PROVIDENCE, R.I. [Brown University] — A study by Brown University researchers suggests that something unexpected happens to the melting point of metals under extremely high pressure.
Generally speaking, a metal’s melting point tends to increase with pressure, says Axel van de Walle, a professor in Brown’s School of Engineering who oversaw the new research. But there’s been growing evidence that in alkali metals (a group that includes sodium and lithium), the melting point actually starts to decrease above a certain critical pressure, a phenomenon called re-entrant melting. This new research shows that re-entrant melting likely goes well beyond the alkali group.
“What we show in this paper is that re-entrant melting is actually a feature of many — and perhaps most — metallic elements,” van de Walle said. “These findings are surprising because a decrease in melting temperature with pressure implies that the liquid becomes denser than the solid. That’s a phenomenon that’s well known in the case of water, but hadn’t been predicted for dense metals.”
The research is published in the journal Physical Review B and was led by Qijun Hong, a research associate at Brown.
For the study, Hong and van de Walle used quantum mechanical computational methods to simulate the behavior of atoms in a metal at various temperatures and pressures. The calculations showed that for alkali metals like sodium, re-entrant melting starts to happen at pressures around 30 gigapascals (about 300,000 times Earth’s atmospheric pressure).
But the research also showed, for the first time, that other metal could in theory undergo re-entrant melting at extreme pressures. Magnesium, for example, would undergo re-entrant melting at around 300 gigapascals. For aluminum, pressures around 3,500 gigapascals would induce re-entrant heating.
That even relatively dense metals could have a liquid phase that’s denser than solid phase is surprising, the researchers say.
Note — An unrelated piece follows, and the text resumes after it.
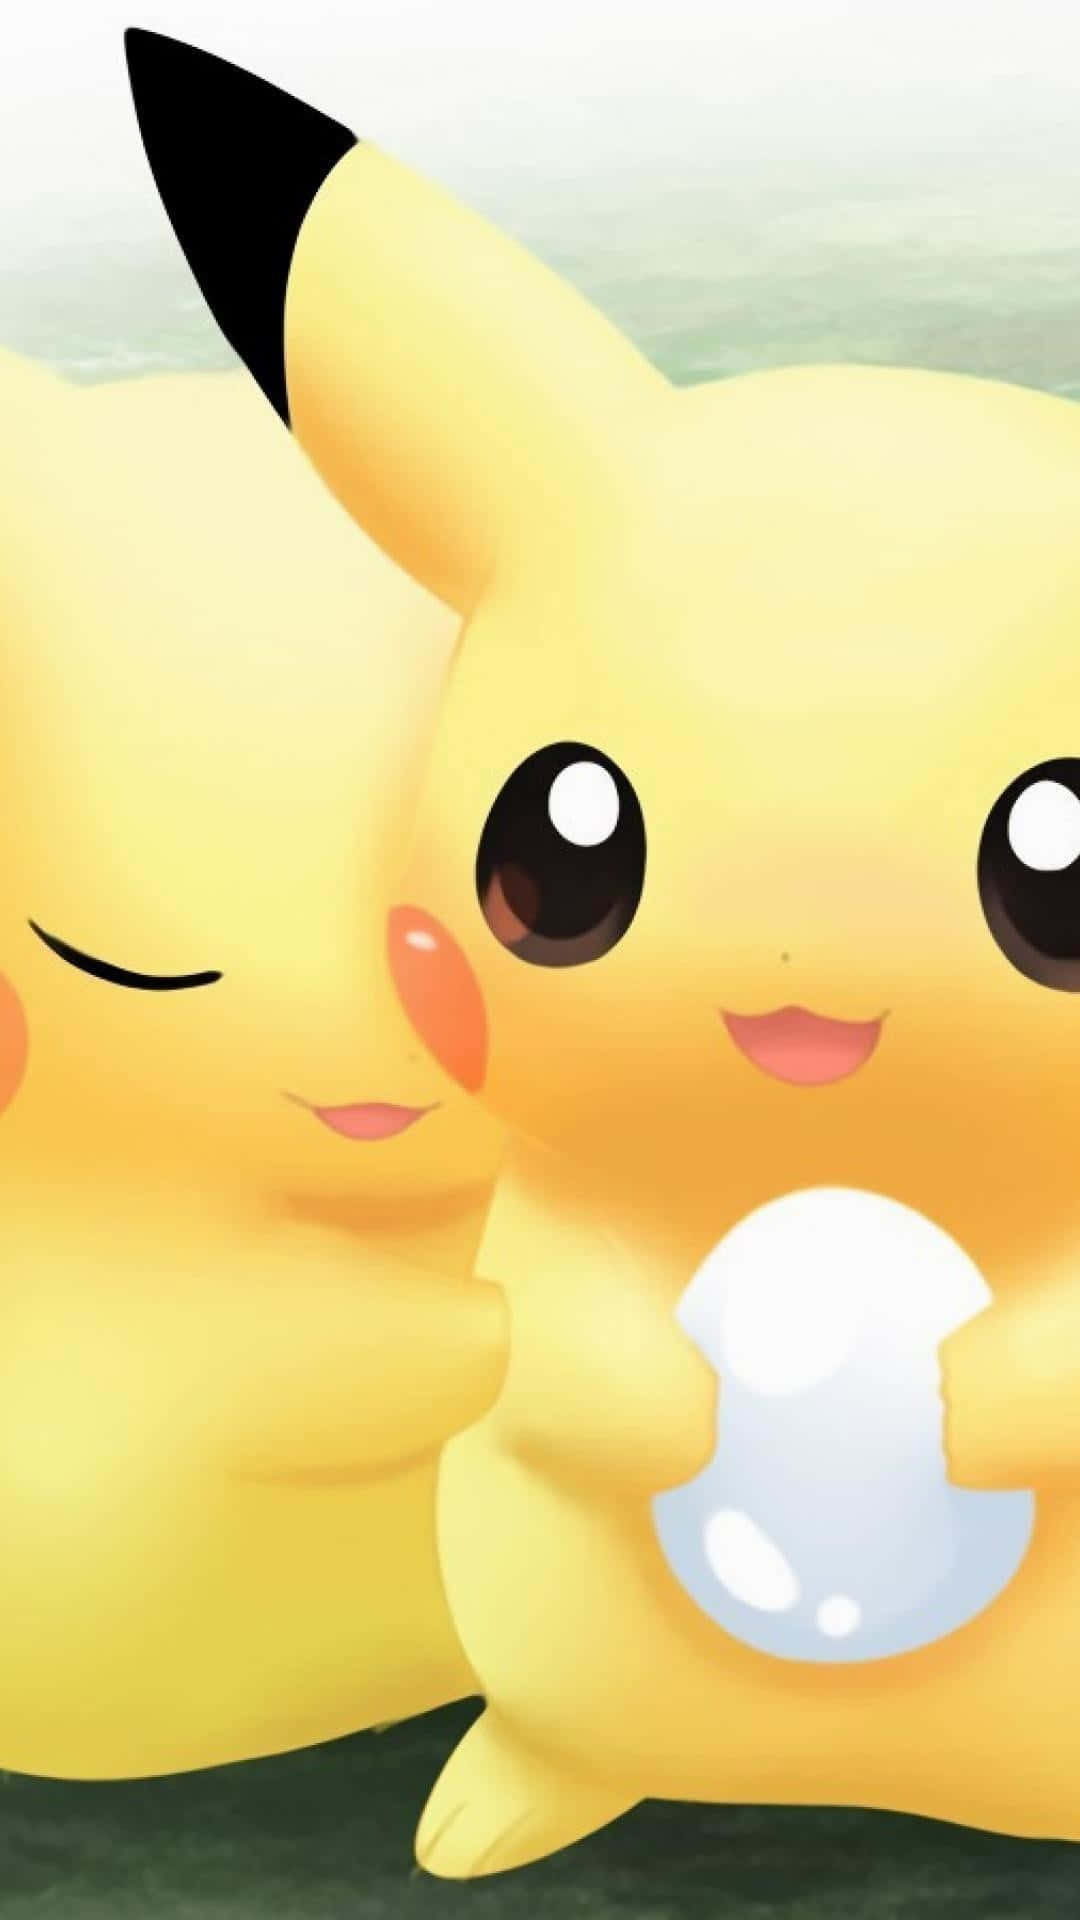 Baby Pikachu Is Too Cute! Wallpaper

“Metallic elements typically have such a close-packed structure that it seems impossible for the liquid phase to be denser than the solid — until one actually computes these densities,” Hong said.
There’s currently no way on Earth to reach the extreme pressures that induce re-entrant heating in any metals beyond the alkalis, the researchers say. But the findings could have implications for understanding the composition of large exoplanets — planets beyond our solar system.
“It raises the possibility that the interior pressures of large planets could be sufficient to induce re-entrant melting,” van de Walle said. “That means their cores would consist of layers in a liquid-solid-liquid sequence, rather than the more common liquid-to-solid sequence.”
The research was funded by the National Science Foundation (DMR-1505657) and the Office of Naval Research (N00014-14-1-0055 and N00014-17-1-2202).